Roland ORY (1987-1994) puis Daniel SISSLER (1994-1999) usent énormément d'énergie pour extirper les Verts d'un championnat régional qui devient de plus en plus souvent le quotidien des joueurs dirigés tour à tour par Marc FINDELI (1988-1991), Claude SPRENG (1991-1995) puis Claude STEIB (1995-2000). L'équipe fanion évite même d'extrême justesse une désastreuse relégation en championnat départemental (où elle aurait rejoint l'autre club de foot colmarien de l'époque, l'ASPTT chère à Daniel GANZETTI) grâce à une indispensable victoire (4 à 1 à Eckbolsheim) lors de l'ultime match de la saison 95/96. La politique régionale et la stabilité sur lesquelles s'appuyaient les Présidents ORY puis SISSLER, bien que malmenées, seront ainsi récompensées.

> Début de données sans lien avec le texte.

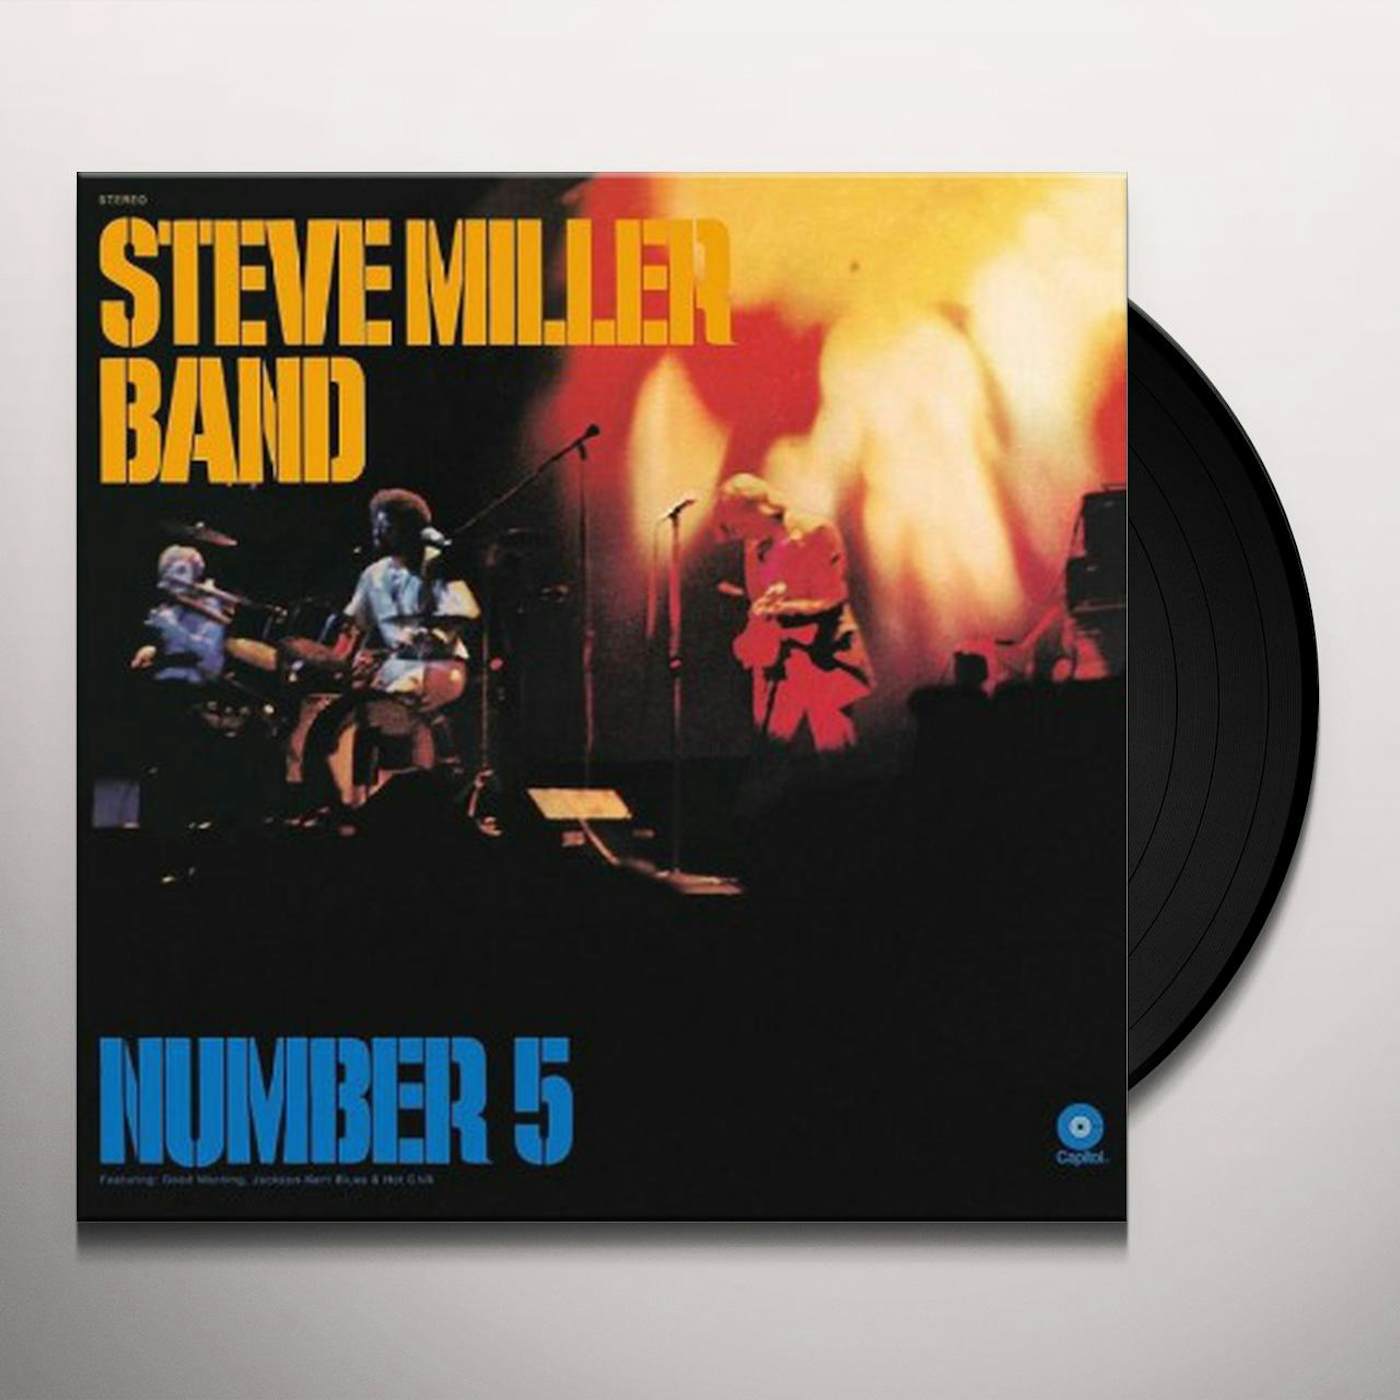 Steve Miller Band Number 5 Vinyl Record

C'est ainsi que l'année suivante (96/97), ce même groupe de «purs produits locaux», dirigé par Claude STEIB et cimenté par ces difficultés, décrochera le titre de champion d'Alsace et un retour en CFA2 ! Une CFA2 qu'avait rejoint avant eux la troupe à Claude SPRENG, après avoir terminé la saison 92/93 à une 2eme place, synonyme de retour au niveau national. Malheureusement pour une courte durée : après une première saison (93/94) délicate où le maintien en CFA2est acquis in-extrémis, la saison suivante (94/95), marquée par un changement de comité en plein exercice, est synonyme d'une 14ème et dernière place au sein du groupe C, d'un retour à la case régionale et d'un changement de Claude au poste d'entraîneur (STEIB à la place de SPRENG).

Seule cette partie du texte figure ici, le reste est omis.